*What you have to do:*
Which of the lines in the records below hold the string "hole"? Copy every one of them.

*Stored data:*
^^^^^^^^^^^^^^^^

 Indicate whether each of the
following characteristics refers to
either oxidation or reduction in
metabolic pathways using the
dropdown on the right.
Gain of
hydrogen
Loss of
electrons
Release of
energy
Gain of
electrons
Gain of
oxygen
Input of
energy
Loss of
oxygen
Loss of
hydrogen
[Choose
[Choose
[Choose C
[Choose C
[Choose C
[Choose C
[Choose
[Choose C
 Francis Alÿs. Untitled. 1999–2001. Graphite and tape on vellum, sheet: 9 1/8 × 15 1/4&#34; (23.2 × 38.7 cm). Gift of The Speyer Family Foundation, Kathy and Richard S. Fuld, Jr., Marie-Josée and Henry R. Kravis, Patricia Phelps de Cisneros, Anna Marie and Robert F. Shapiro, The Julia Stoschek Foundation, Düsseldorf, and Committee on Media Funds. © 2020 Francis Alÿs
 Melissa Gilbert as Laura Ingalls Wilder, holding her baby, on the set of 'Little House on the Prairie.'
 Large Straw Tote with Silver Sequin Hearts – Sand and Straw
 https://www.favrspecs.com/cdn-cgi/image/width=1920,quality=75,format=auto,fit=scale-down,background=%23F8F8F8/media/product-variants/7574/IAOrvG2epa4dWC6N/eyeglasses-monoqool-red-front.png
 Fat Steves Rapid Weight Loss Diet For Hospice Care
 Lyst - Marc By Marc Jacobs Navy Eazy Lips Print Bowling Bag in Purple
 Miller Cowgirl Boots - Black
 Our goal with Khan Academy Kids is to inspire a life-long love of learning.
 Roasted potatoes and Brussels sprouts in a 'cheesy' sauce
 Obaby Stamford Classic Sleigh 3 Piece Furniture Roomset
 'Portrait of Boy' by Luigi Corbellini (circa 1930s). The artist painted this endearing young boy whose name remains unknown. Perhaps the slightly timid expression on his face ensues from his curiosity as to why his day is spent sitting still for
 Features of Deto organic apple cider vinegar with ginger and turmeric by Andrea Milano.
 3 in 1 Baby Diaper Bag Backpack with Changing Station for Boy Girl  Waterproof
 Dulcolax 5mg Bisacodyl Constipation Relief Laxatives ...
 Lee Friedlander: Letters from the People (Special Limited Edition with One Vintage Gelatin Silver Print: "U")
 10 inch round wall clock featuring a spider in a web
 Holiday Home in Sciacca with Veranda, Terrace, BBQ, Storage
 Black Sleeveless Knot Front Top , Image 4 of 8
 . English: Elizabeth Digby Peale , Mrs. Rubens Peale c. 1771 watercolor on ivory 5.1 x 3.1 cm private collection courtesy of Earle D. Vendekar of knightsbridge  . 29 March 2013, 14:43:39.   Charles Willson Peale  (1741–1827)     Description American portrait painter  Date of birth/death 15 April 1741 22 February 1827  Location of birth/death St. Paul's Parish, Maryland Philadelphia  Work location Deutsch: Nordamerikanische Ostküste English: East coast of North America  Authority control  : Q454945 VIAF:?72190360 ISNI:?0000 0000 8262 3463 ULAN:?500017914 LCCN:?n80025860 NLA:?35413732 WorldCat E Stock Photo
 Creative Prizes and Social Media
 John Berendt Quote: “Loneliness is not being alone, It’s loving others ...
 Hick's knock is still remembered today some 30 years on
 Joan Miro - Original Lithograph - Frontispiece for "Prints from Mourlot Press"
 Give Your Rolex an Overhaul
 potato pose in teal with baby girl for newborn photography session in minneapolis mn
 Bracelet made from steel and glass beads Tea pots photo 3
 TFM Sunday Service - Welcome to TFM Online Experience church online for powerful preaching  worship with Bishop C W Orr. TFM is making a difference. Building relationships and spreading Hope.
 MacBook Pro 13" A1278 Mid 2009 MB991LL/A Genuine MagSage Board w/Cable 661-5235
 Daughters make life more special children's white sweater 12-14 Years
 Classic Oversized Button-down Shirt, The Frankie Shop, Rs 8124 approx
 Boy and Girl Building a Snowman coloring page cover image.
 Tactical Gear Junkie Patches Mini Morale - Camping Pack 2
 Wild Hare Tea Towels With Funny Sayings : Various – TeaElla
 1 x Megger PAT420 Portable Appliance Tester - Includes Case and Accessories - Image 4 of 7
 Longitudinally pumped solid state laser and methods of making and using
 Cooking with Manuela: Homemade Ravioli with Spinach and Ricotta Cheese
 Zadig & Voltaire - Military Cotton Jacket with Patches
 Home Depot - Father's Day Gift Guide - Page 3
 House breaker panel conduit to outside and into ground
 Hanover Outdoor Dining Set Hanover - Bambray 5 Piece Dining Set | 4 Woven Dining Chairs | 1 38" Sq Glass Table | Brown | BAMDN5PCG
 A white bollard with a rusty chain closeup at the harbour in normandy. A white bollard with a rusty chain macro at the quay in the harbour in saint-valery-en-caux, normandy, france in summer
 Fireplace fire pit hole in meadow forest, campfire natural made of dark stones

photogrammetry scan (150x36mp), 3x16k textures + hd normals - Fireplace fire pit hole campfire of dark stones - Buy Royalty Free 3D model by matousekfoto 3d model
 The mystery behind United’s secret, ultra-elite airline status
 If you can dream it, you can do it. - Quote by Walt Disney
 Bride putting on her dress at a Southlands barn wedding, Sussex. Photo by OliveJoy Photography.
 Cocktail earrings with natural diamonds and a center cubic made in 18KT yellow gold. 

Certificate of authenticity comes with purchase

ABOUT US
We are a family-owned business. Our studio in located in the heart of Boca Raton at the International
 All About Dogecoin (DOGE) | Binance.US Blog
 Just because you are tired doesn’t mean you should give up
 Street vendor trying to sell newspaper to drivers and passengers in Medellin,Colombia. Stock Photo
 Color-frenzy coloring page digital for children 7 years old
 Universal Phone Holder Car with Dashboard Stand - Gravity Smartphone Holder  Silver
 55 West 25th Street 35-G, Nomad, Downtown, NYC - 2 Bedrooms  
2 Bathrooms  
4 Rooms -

^^^^^^^^^^^^^^^^

*Output of the exercise:*
 Fireplace fire pit hole in meadow forest, campfire natural made of dark stones
photogrammetry scan (150x36mp), 3x16k textures + hd normals - Fireplace fire pit hole campfire of dark stones - Buy Royalty Free 3D model by matousekfoto 3d model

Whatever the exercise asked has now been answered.